There are recommendations that the NCAA can implement, and in some cases quickly. But not all of those appear well thought out. For example, the commission proposed allowing players who declare for the draft but are not selected to retain their collegiate eligibility and return to their team. What seems like a good idea in theory would likely collapse in practice because of timing. This year there are forty schools with multiple players, from two to as many as six, on the NBA’s early entry list for the 2018 Draft. The identity of those who will be passed over won’t be known until the sixtieth and last name is called on June 21st. Meanwhile head coaches are busy putting together their rosters for next season. It likely isn’t practical to expect a school to hold multiple scholarships open on the chance that players who have declared for the draft might instead return for another year.
Other proposals sound excellent but turn out to be relatively weak. Specifically, Rice and company favor five-year postseason bans for programs guilty of major infractions, along with lifetime bans for their coaches. Those are punishments that would surely make any would-be cheat think twice. But the commission isn’t suggesting that these severe sanctions be made mandatory, just that they be included in the range of potential punishments the NCAA could impose. Given the tepid history of NCAA enforcement actions, the likelihood of such rough justice ever being administered seems remote.
Easily the most disappointing aspect of the commission’s report is its failure to address the elephant in the room. Big-time college basketball is a cash cow for the major programs. That money is generated by what the young men do on the court, but the NCAA rulebook ensures that they are the only parties who can’t share in the profits. While Secretary Rice said in an interview that she and many commissioners believed that should change, their report sidesteps the issue, citing the pending Jenkins case. Jenkins is a federal antitrust suit aimed at upending the NCAA’s restrictions on paying college athletes. It has been plodding through the courts for five years, largely due to delaying tactics by the NCAA. Just recently the association’s lawyers filed a motion to postpone the trial, currently scheduled for December, until June of next year. Rice’s commission could have made a bold call for something other than incremental change but chose to kowtow to the NCAA’s policy of denial and delay.

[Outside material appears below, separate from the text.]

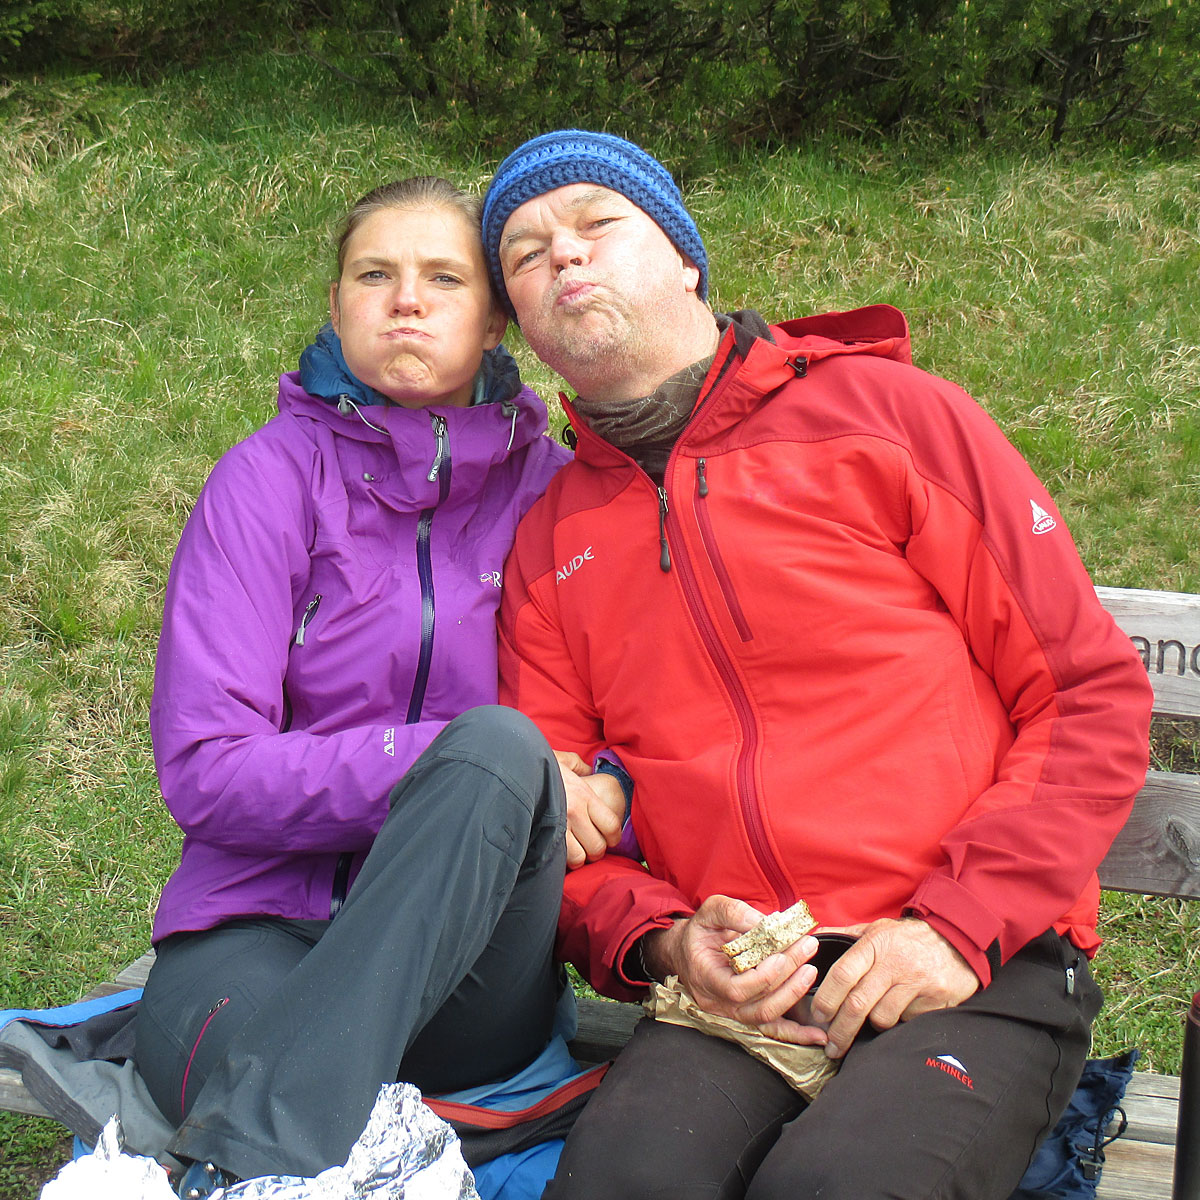 Artikelbild Kramerspitz Grimassenschneider Nina und Michi
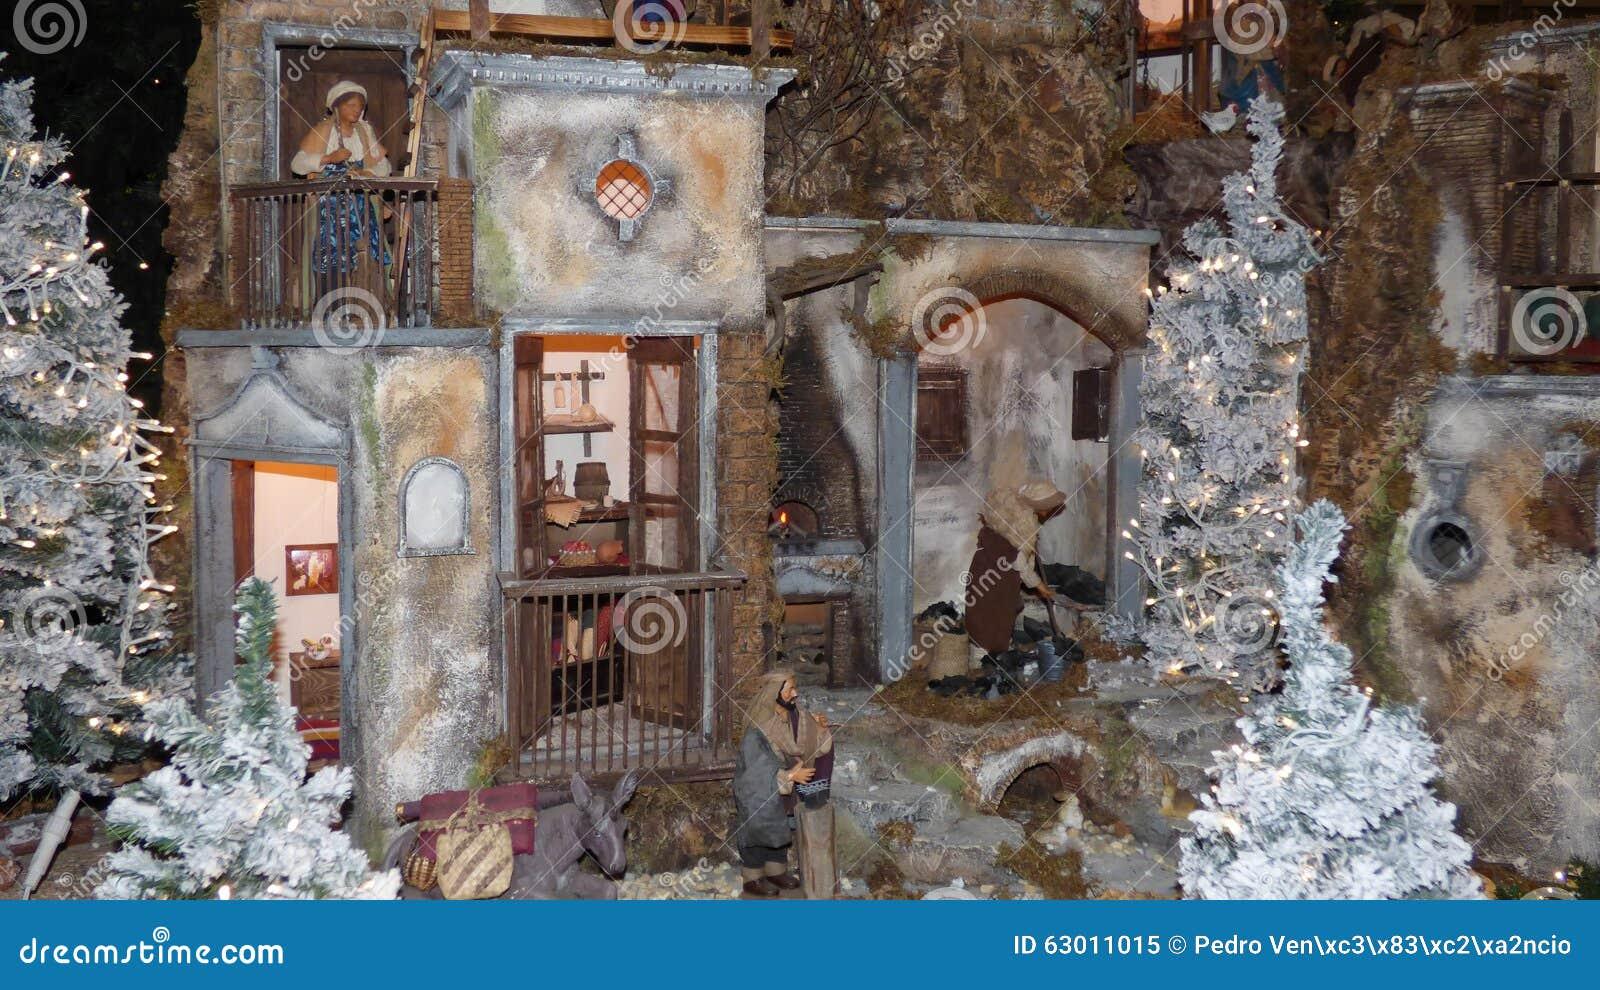 The Chistmas Crib

In her remarks at the press conference announcing the commission’s recommendations, Secretary Rice said, “the crisis in college basketball is first and foremost a problem of failed accountability and lax responsibility. The Commission found that talking to the stakeholders was, at times, like watching a circular firing squad – the problem, the issue and ultimately the fault was always that of someone else. It is time for coaches, athletic directors, University Presidents, Boards of Trustees, the NCAA leadership and staff, apparel companies, agents, pre-collegiate coaches – and yes – parent and athletes – to accept their culpability in getting us to where we are today.” That is a damning and accurate description of the problem. It’s just not clear that Rice’s commission did anything more than join the circle.